RE: [taigtools] Re: repeatibility and spindle mods
- Ten years ago I suspect you got the older lathe style headstock, and the
older dovetail Z column. The new headstock is a single piece extrusion
that accepts a cartridge style shaft/bearing assembly. The spindle is now
ER16 as opposed to the old ¾-16 like the lathe. It is very stout.
About 5 years ago my friend used a Taig CNC mill as part of his PhD. work.
He had developed a new method of predicting equipment failures (predictive
maintenance) and since bearing failure has been widely studied it provided a
way to compare his method to existing methods. We flushed the grease out of
the bearings and he milled aluminum plate for 12-14 hours a day with the
machine. The headstock was fitted with accelerometers and temperature
sensors (as well as the base of the machine.) With no grease the spindle
would run about 30 hours, noticeable vibration (from a human senses
perspective) was only an issue towards the end of the bearing life. Most of
the bearings failed very quickly and very catastrophically. We put dozens of
bearings in two different spindles over the course of 4 mounts (or so). When
the research was all done I replaced the whole cartridge in both spindles
and still use them, and the machine to this day.
From: email@example.com [mailto:firstname.lastname@example.org] On Behalf
Of Low Compression
Sent: Tuesday, May 14, 2013 10:00 PM
Subject: [taigtools] Re: repeatibility and spindle mods
> The Taig spindle is a well-built unit. Some of the things folks try >touse for a high speed spindle are not well made. You can count out >things
like a Dremel tool or similar hand help tools. PreciseBits does >make some
very precise collets for the Dewalt 611 which is a small >laminate trimming
router.

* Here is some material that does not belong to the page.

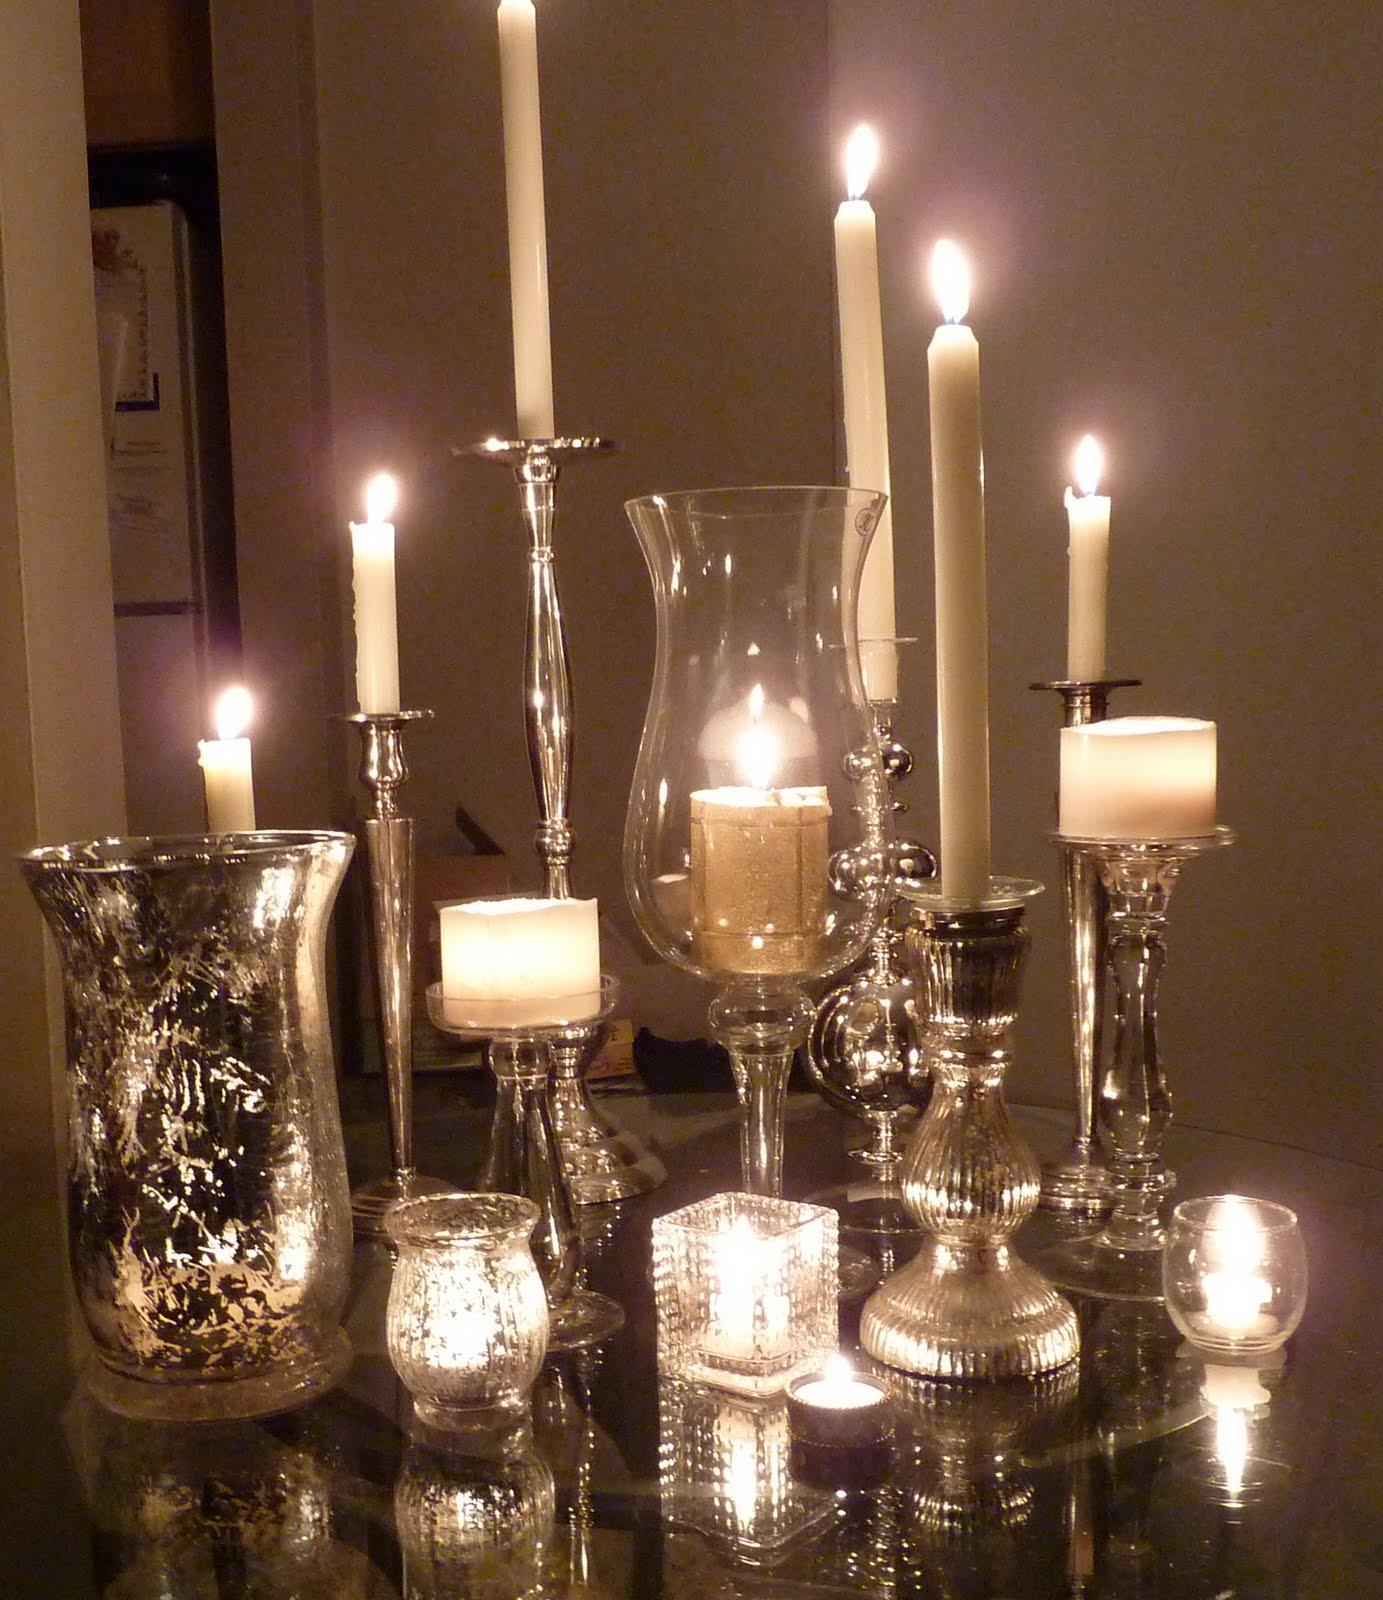 Madeira Linen Collector: Silver + Glass + Candles ==> Make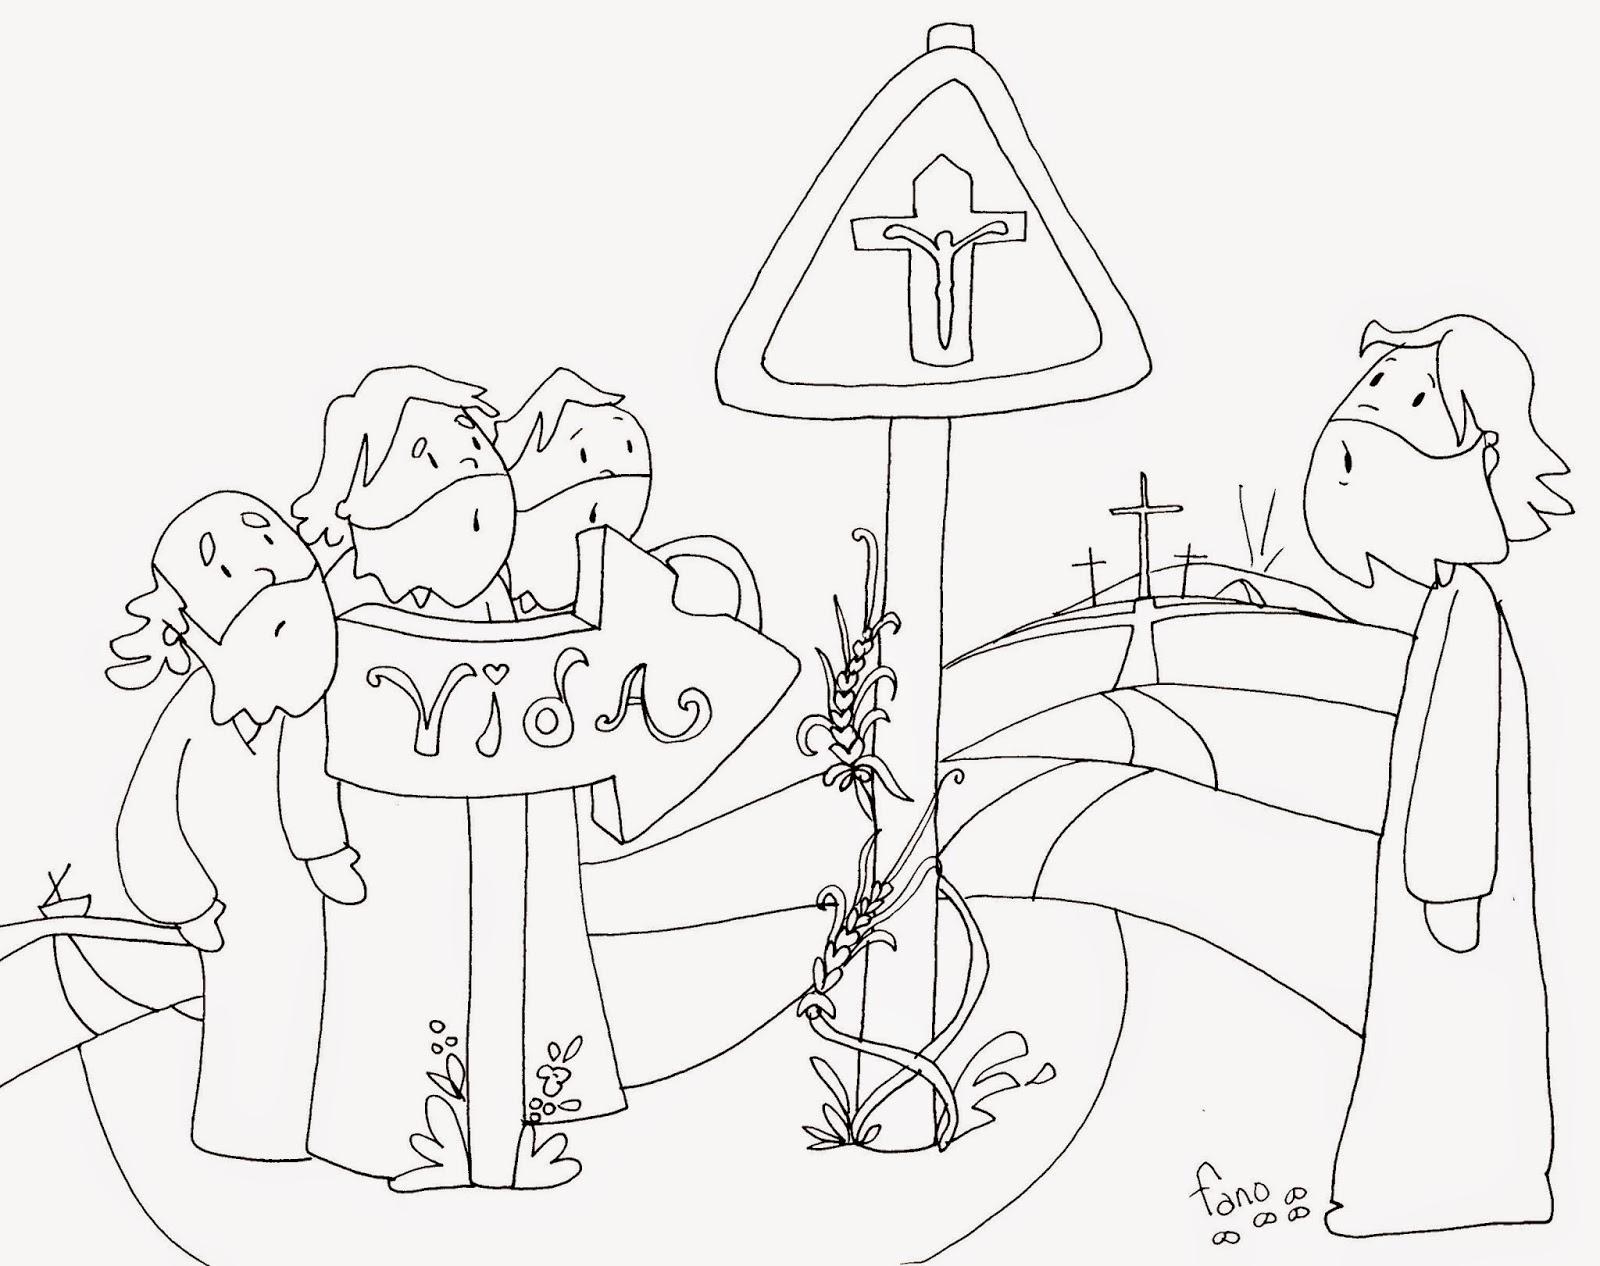 foto de La Catequesis (El blog de Sandra): Dibujos de Patxi Fano

This might be a route worth exploring.
I cannot tell you that all TAIG spindles are built the same but the one that
came with my TAIG CNC mill (probably 10 years old at this point) is a 2-part
extrusion that I pulled off and replaced with a Sherline headstock and motor
I loaned a friend the TAIG headstock to make a grinder and he found that the
spindle is not stiff enough to prevent chatter when grinding. Not a
surprising finding---the headstock is not designed for grinding---but I
think that points up some potential problems when trying for the best
possible finish. Granted, there are other issues with the TAIG, the big one
being backlash with the factory screws and nuts that probably mask the
headstock inadequacies (for super finish work). It is, however, more that
satisfactory for much of the work asked of it.